Its awful because the game is old so you'd expect 100+ on average hardware, but it doesn't mean 100+ FPS is needed for acceptable frame rates. Console games such as halo 3 and GTA III use a frame rate between 30-60 FPS, sometimes lower. If 30-60 FPS is enough for Halo 3 it is enough for Counter Strike source. The average brain can not process images at 100+ FPS and if one could they would end up with headaches or migraines.

30-60 FPS is enough for games, including CS Source.

http://computer.howstuffworks.com/graphics-card.htm/printable



> good overall measurement of a card's performance is its frame rate, measured in frames per second (FPS). The frame rate describes how many complete images the card can display per second. The human eye can process about 25 frames every second, but fast-action games require a frame rate of at least 60 FPS to provide smooth animation and scrolling.



http://en.wikipedia.org/wiki/Gaming_PC



> While the superiority between LCD screens and CRT monitors is still debated, it is clear that a fast response time and high refresh rate is desired in order to display smooth motion. A framerate of 30 frames per second (fps) is the minimum for smooth motion in a video game.
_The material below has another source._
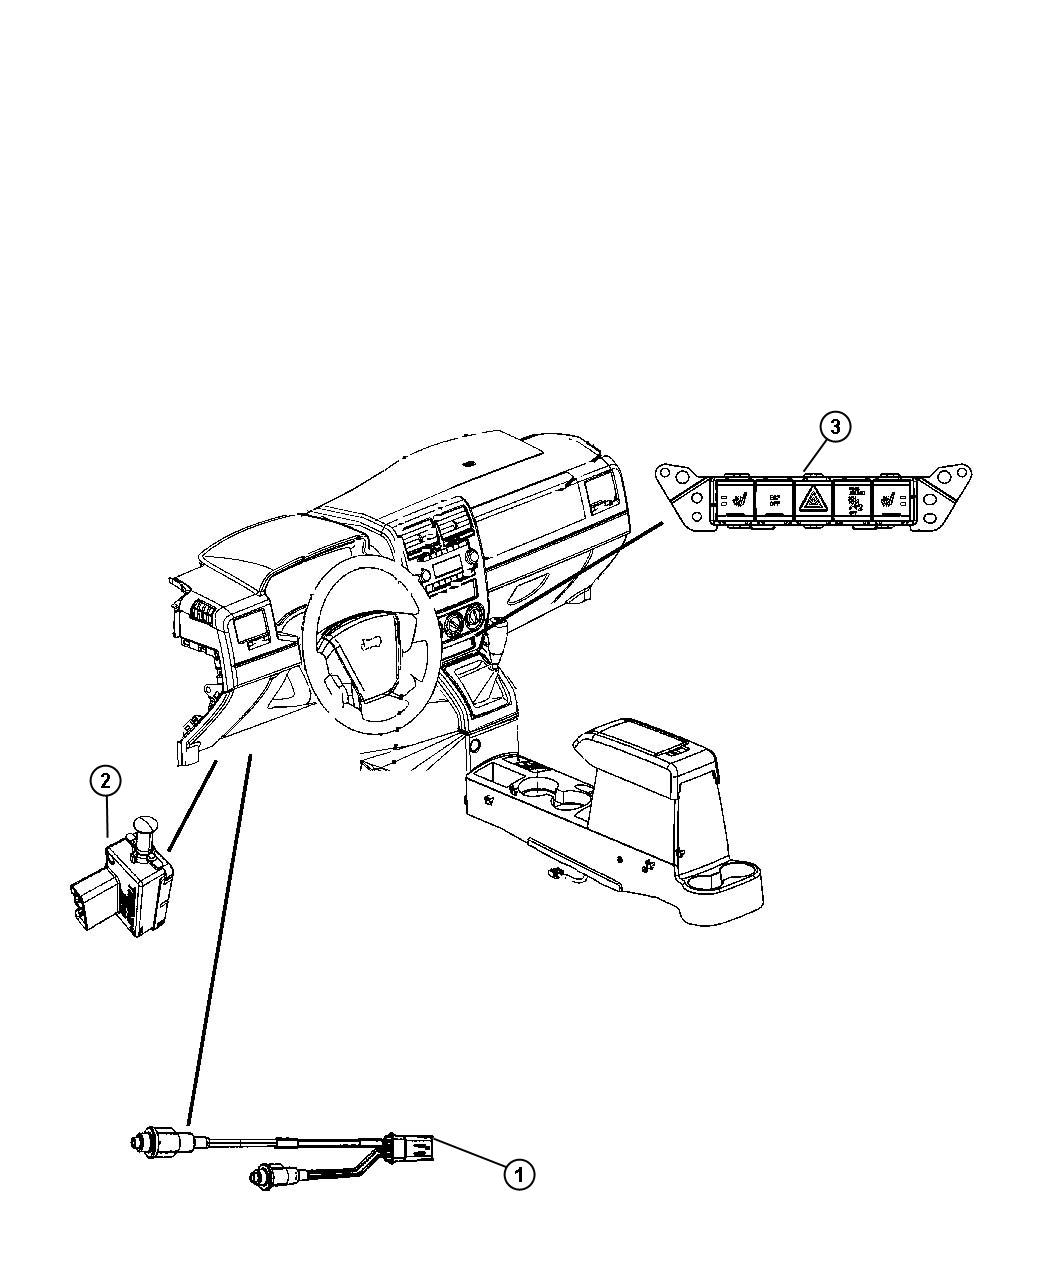 Jeep Compass Switch. Pod. Jkl, instrument, panel

As games approach 60 fps and beyond, the difference becomes less apparent.



http://bits.blogs.nytimes.com/2007/08/15/sony-v-microsoft-with-helmets/



> The review of Madden NFL ‘08 noted that the football game’s action is faster when it is played on the 360 then on the PS3. The reviewer is not imagining things: Electronic Arts said the game runs at 60 frames per second on the 360 but only 30 frames per second on the PS3.
> Also, Electronic Arts said that its NCAA Football ‘08, which came out this summer, also runs at twice the frame rate on the 360.
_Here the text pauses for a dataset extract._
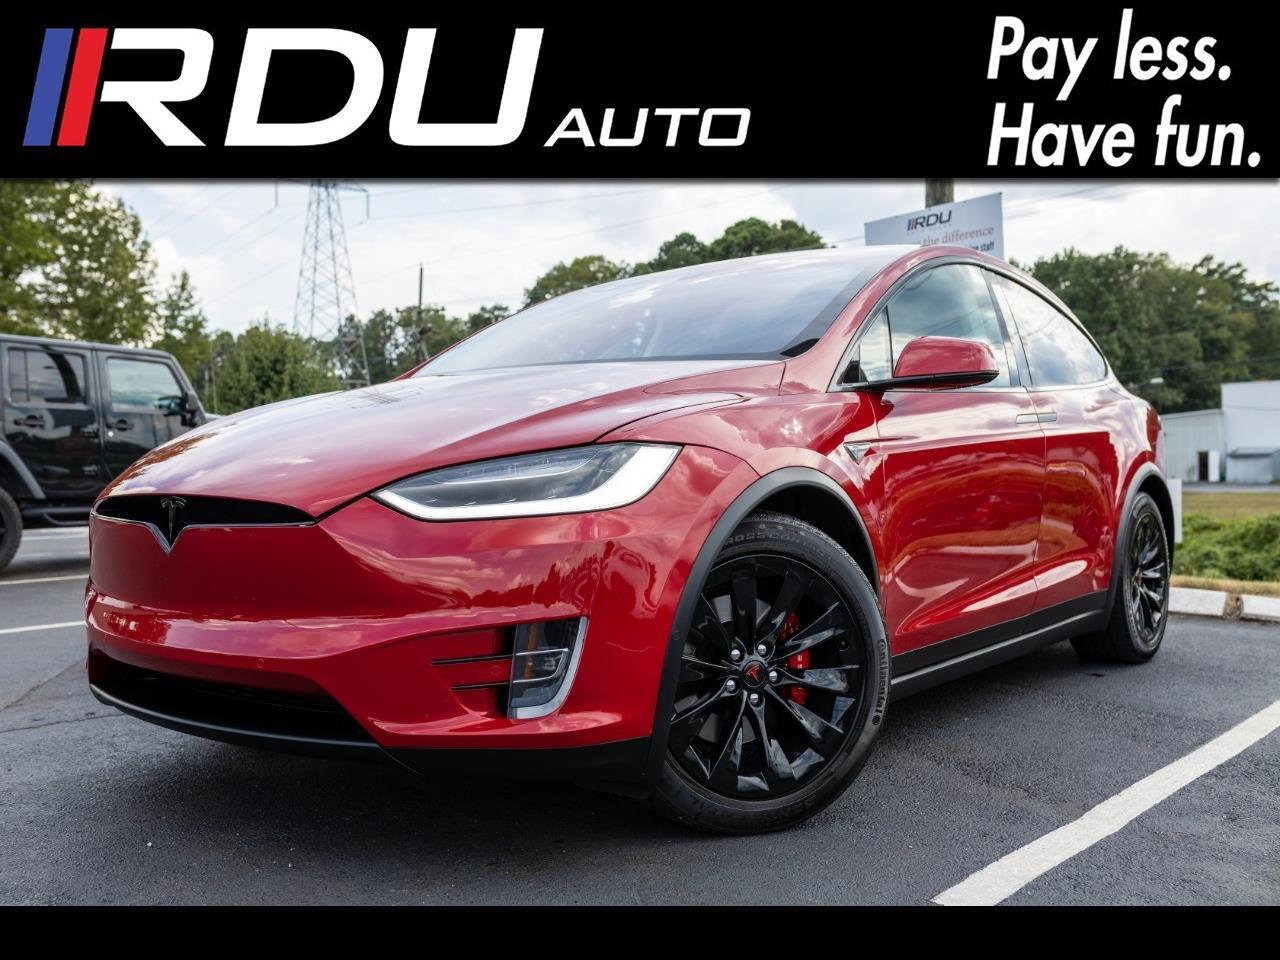 2016 Tesla Model X 90D Auto Pilot Free Supercharging

http://www.hexus.net/content/item.php?item=14928&page=12



> effect, we're including a desired average frame rate, in this case 60, and penalising lower performance while giving frame rates higher than 60fps only half as much credit as those up to 60fps


----------



## Castiel (Jan 18, 2009)

I can play the game on the highest settings with all filters. I get around 60FPS w/ a 19" Widescreen LCD.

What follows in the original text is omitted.